/diy/ - Do It Yourself

>>2403822
Calculate the transfer function for something quantitative:
>X_C = 1/(s*C)
>X_bottom = XC2 || R2 = XC2*R2/(XC2+R2) = R2/(1+sR2C2)
>X_top = XC1 + R1 = R1 + 1/sC1
>Vout/Vin = X_bottom / (X_top + X_bottom)
>Vout/Vin = R2/(1+sR2C2) / (R1 + 1/sC1 + R2/(1+sR2C2))
>etc.
>Vout/Vin = sR2C1 / (sR1C1 + R1R2C1C2s^2 + 1 + sR2C2 + sR2C1)
Each term in that equation (except for 1) represents the complex angular speed or frequency "s" multiplied by some effective frequency.

If the resistances and capacitances are all equal (R1=R2=R, C1=C2=C) then you get a simpler equation:
>Vout/Vin = sRC / (3sRC + (sRC)^2 + 1) = 1/(3s + sRC + 1/(sRC))
Here the resulting graph has a somewhat rounded top, a passband gain somewhat below 1 at 0.33 or -9.5dB, and the standard ±20dB/decade rolloff on either side.

More likely though, if you'll be having a substantial flat area in the middle of the band-pass, you can make it such that two values are much larger than two others. Say the passband gain, we want to be as high as possible, so R1 will be very small and R2 will be very large. Then for similar reasons we make C1 much larger than C2. This way we get a simple graph where the passband goes from R1C2 to R2C1, indicating that those two parts in the transfer function refer to the edges of the passband. This is a little easier to see if you express it as:
>Vout/Vin = 1 / (R1/R2 + sR1C2 + 1/(sR2C1) + C2/C1 + 1)
The only terms are either the corner frequencies or simple dimensionless ratios. These ratios are much larger than 1, so we can simplify:
>Vout/Vin = 1 / (sR1C2 + 1/(sR2C1) + 1)
When messing about with transfer functions, you want the terms to actually mean something.

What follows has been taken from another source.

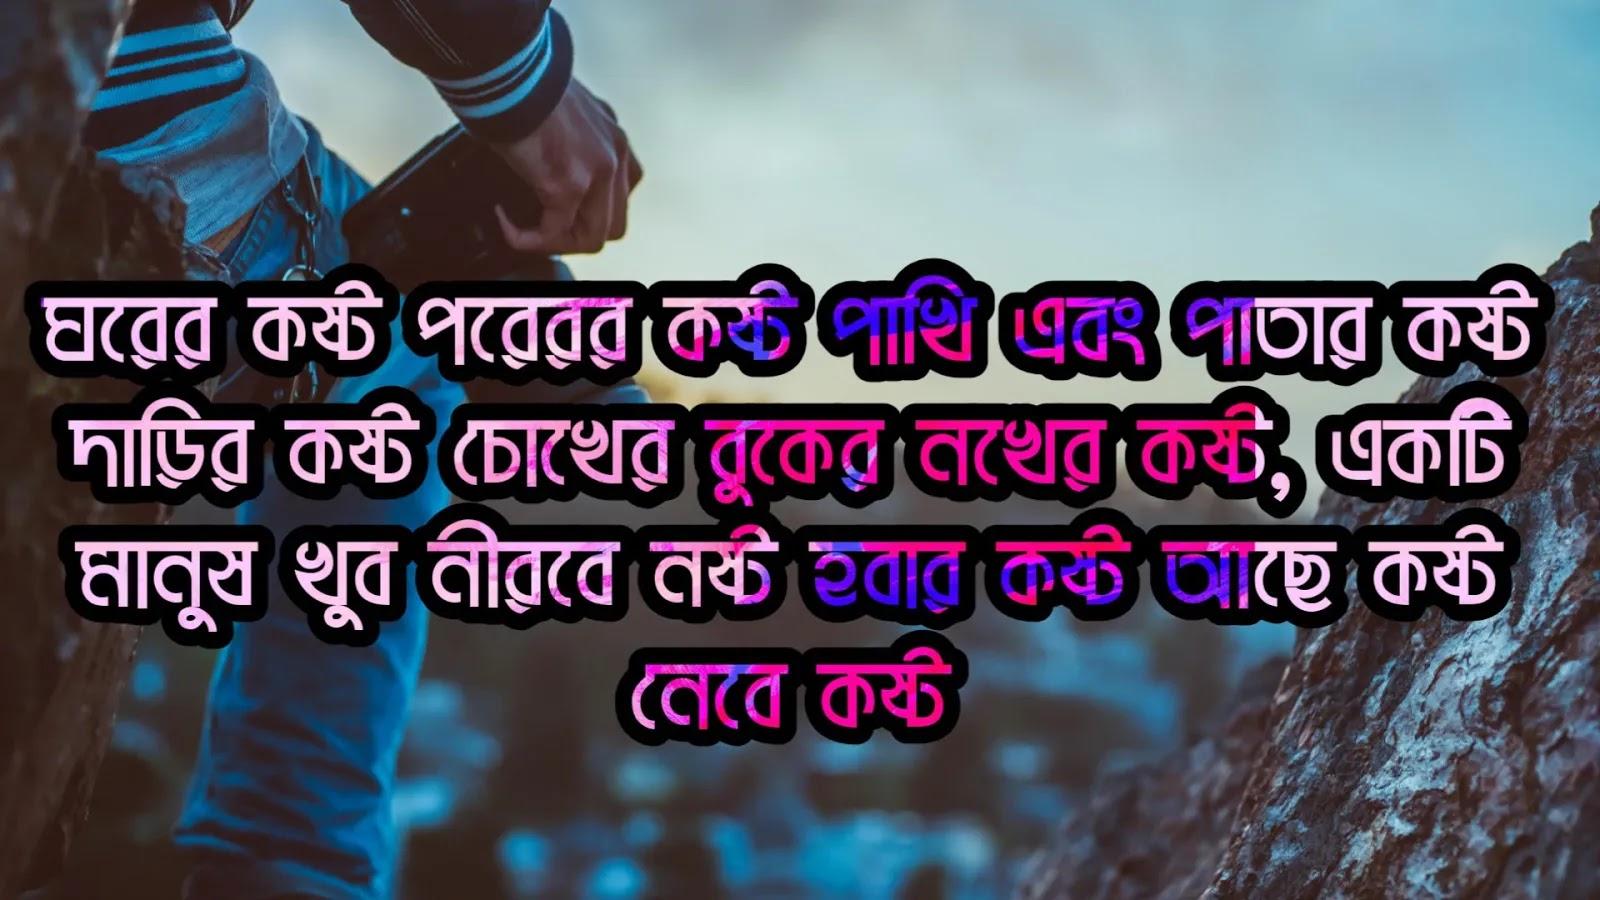 romantic love quotes in bengali download

The other extreme would be making R2 and C1 much larger than their counterparts, this gives a triangular peak with a "passband" gain much lower than 1. As seen in the lower equation, the C2/C1 and R1/R2 terms are much larger than 1 and pull down the maximum value:
>Vout/Vin = 1 / (R1/R2 + sR1C2 + 1/(sR2C1) + C2/C1 + 1)